*Goal of the exercise*:
Reproduce, unchanged, the lines between the one holding "Angela Wakefield a" and the last line of the records, including both ends, but no pictures.

*Material shown*:

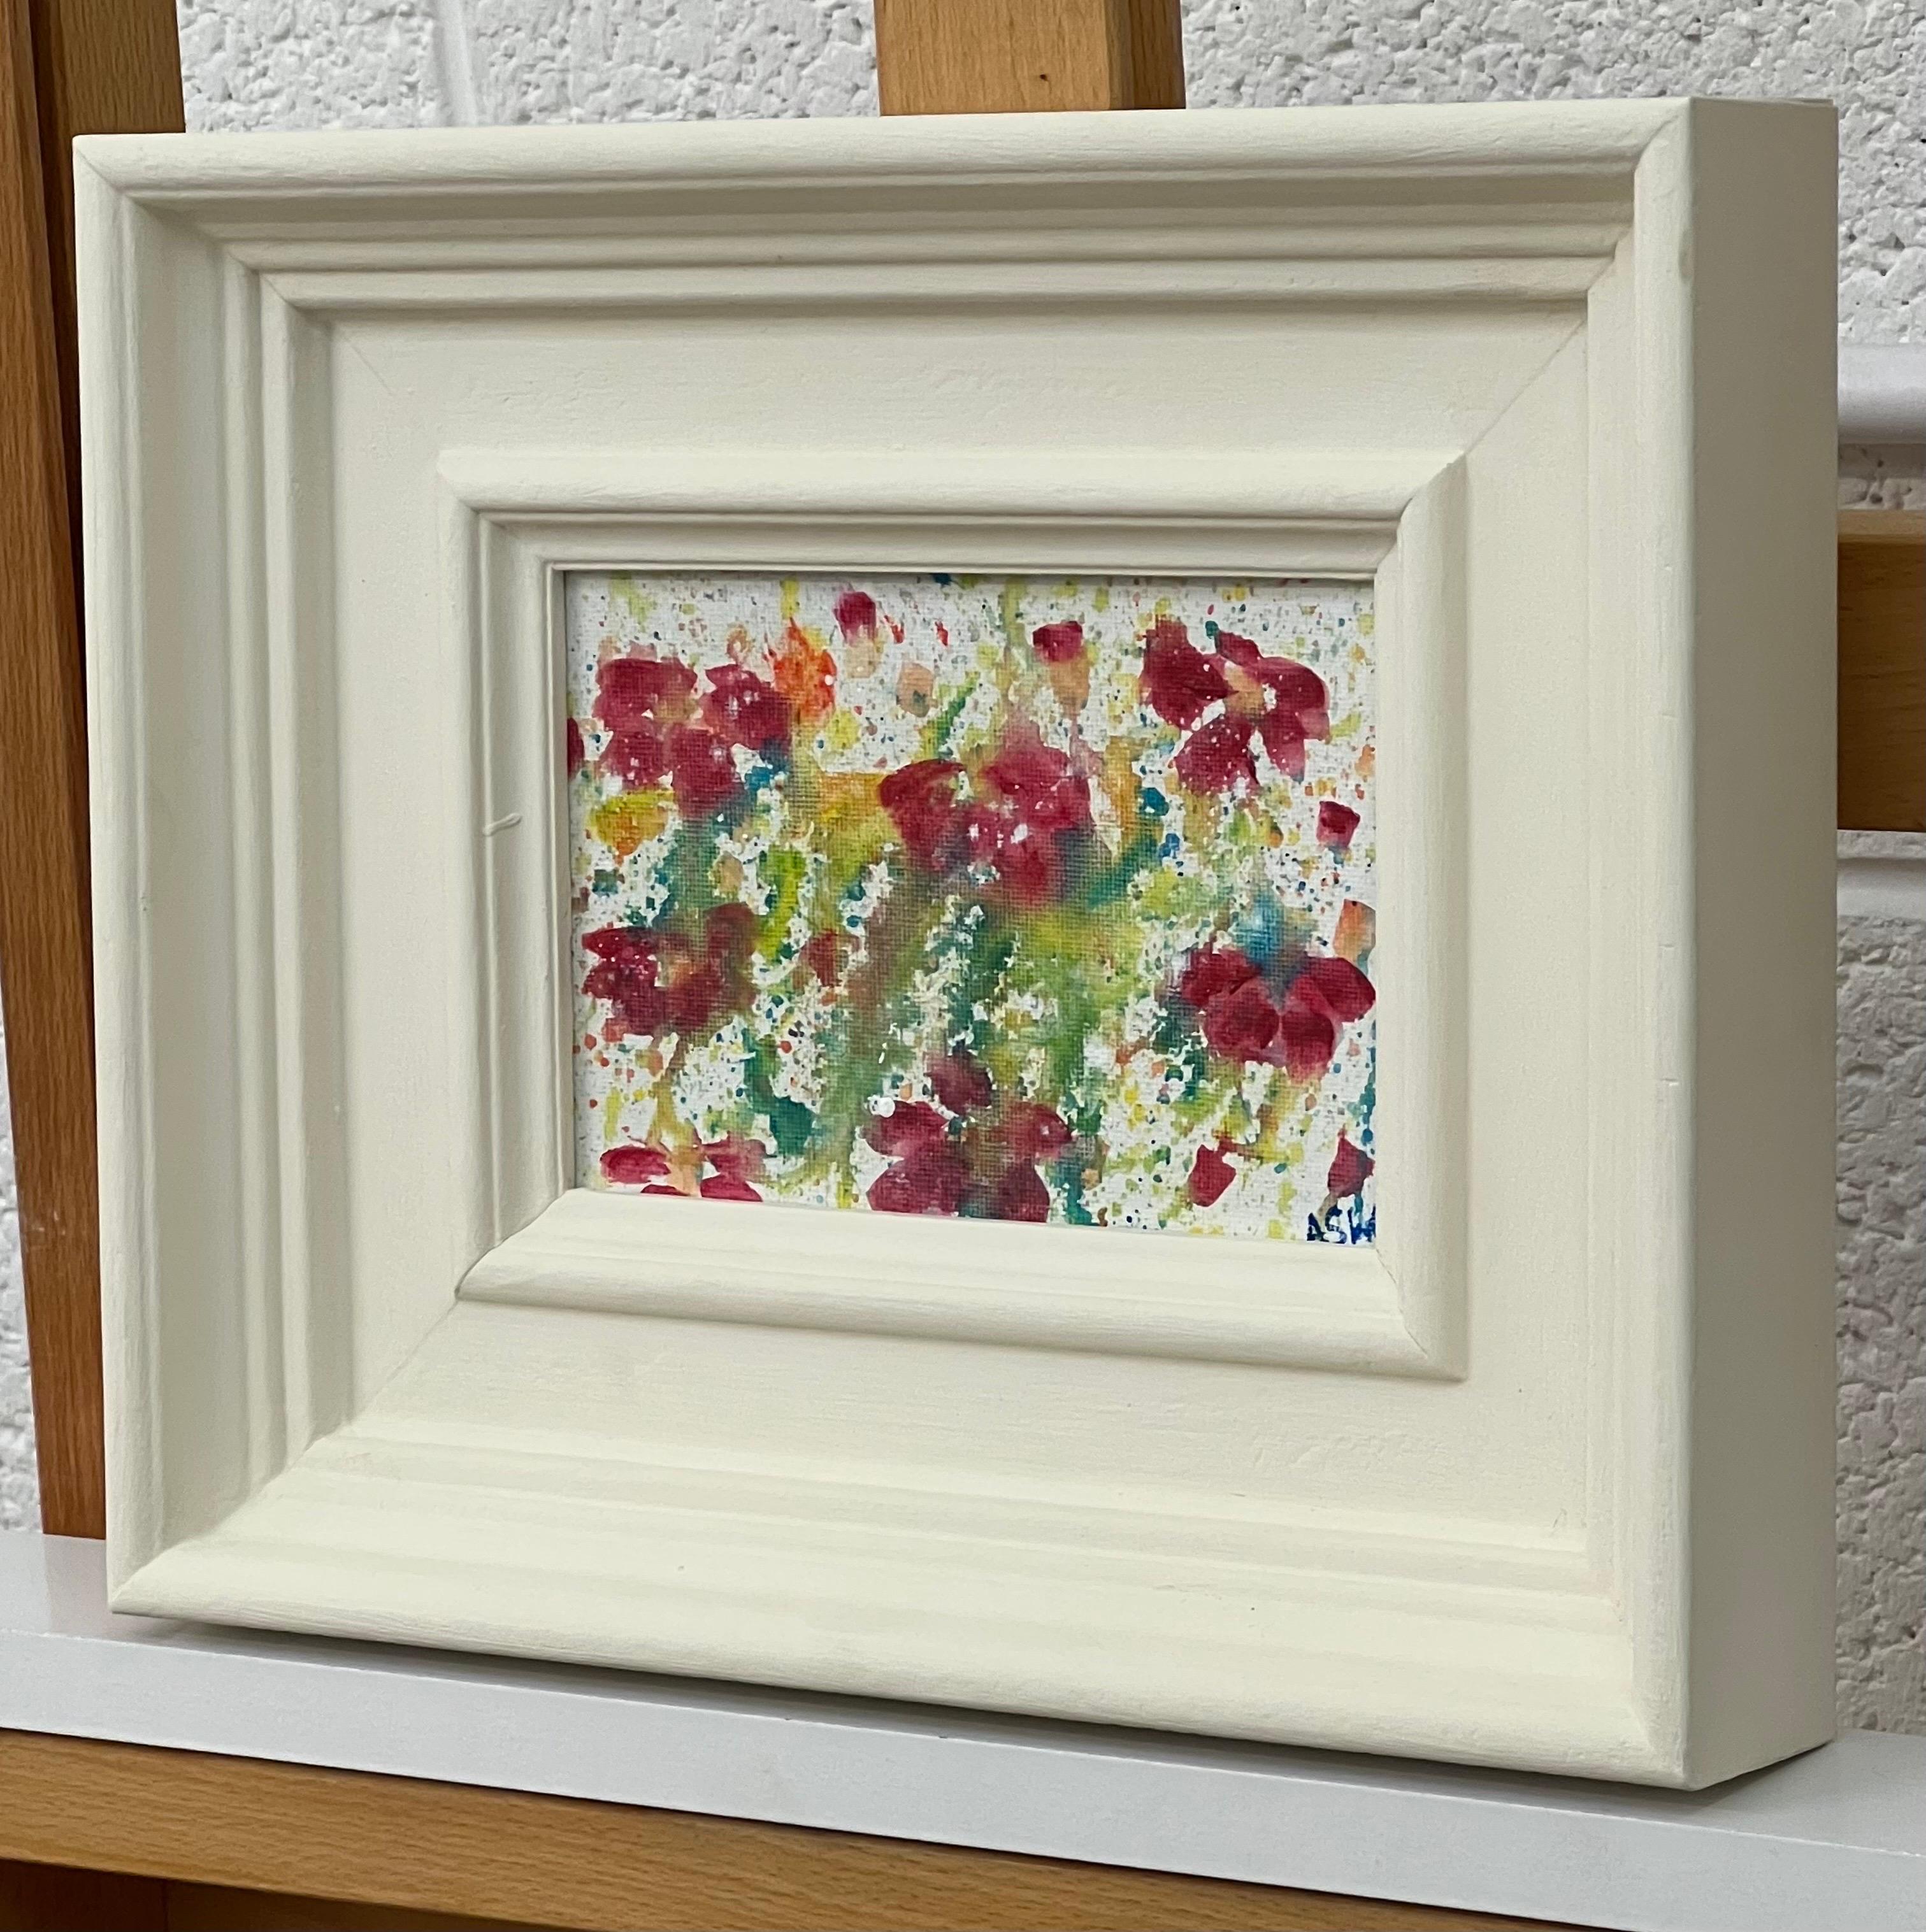 Étude d'une fleur abstraite miniature sur toile blanche par l'artiste britannique contemporaine Angela Wakefield.

L'œuvre d'art mesure 7 x 5 pouces
Le cadre mesure 12 x 10 pouces 

Angela Wakefield a fait deux fois la couverture de 
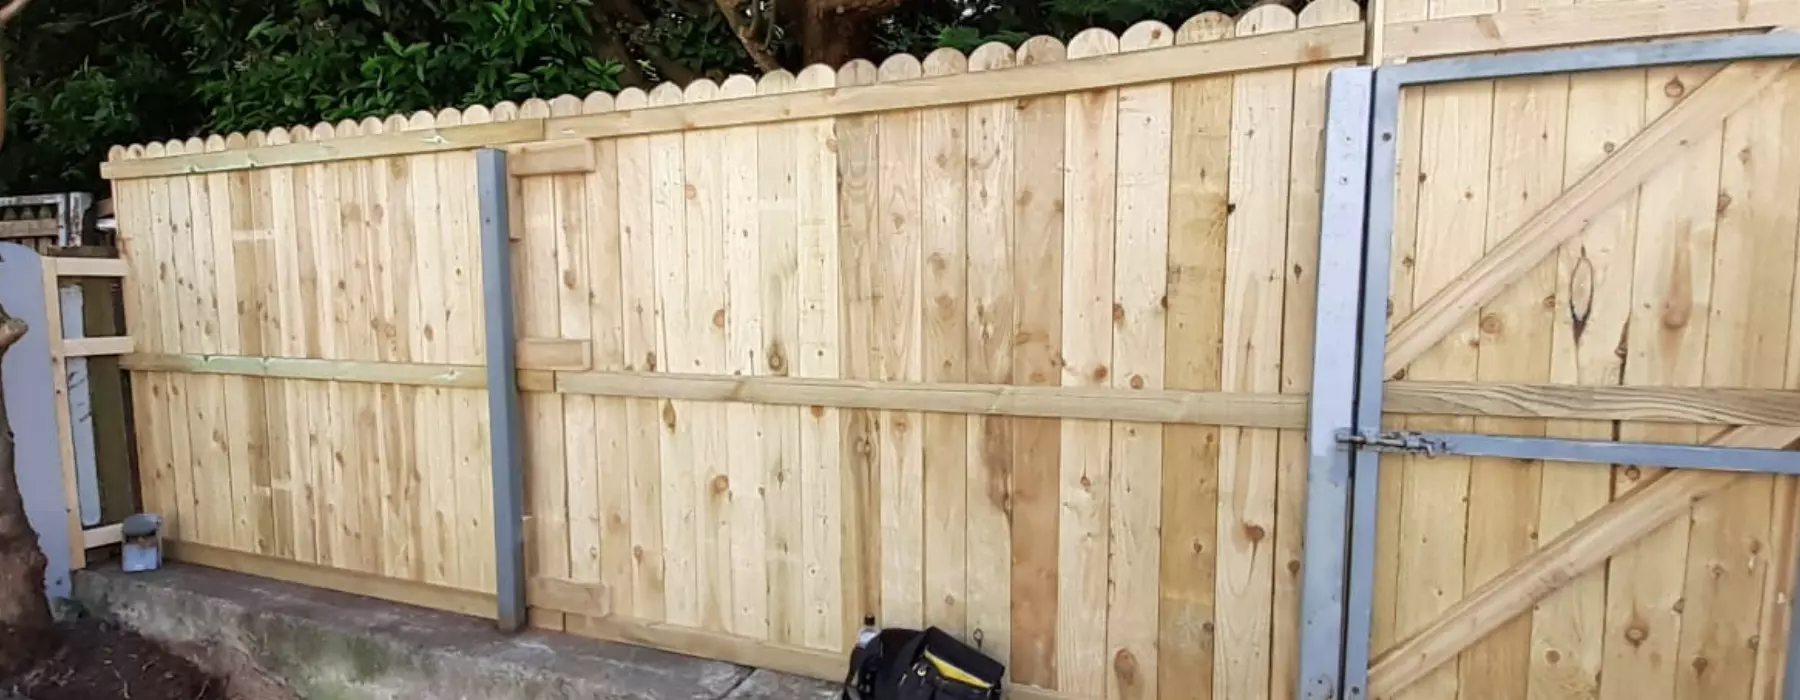 Garden Fence Repair
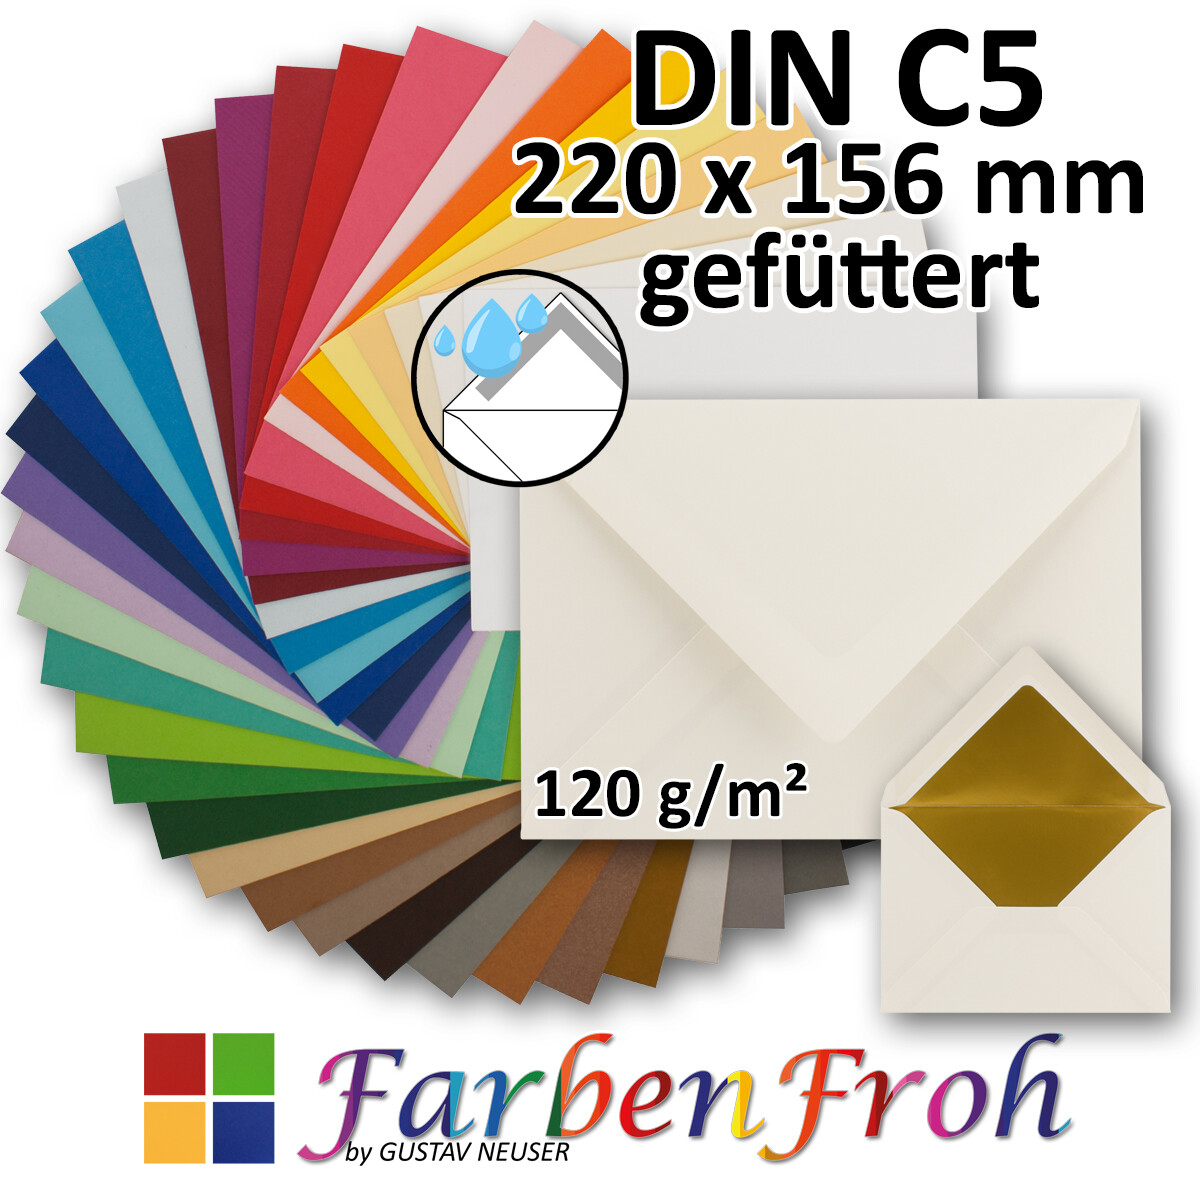 Für A6 & A4 Papier 50x Briefumschläge Schwarz DIN C6 Format 11,4 x 16,2 cm Weihnachten Haftklebung Grußkarten & Einladungen Kuverts ohne Fenster

*Response area*:
Angela Wakefield a fait deux fois la couverture de 
 Garden Fence Repair
 Für A6 & A4 Papier 50x Briefumschläge Schwarz DIN C6 Format 11,4 x 16,2 cm Weihnachten Haftklebung Grußkarten & Einladungen Kuverts ohne Fenster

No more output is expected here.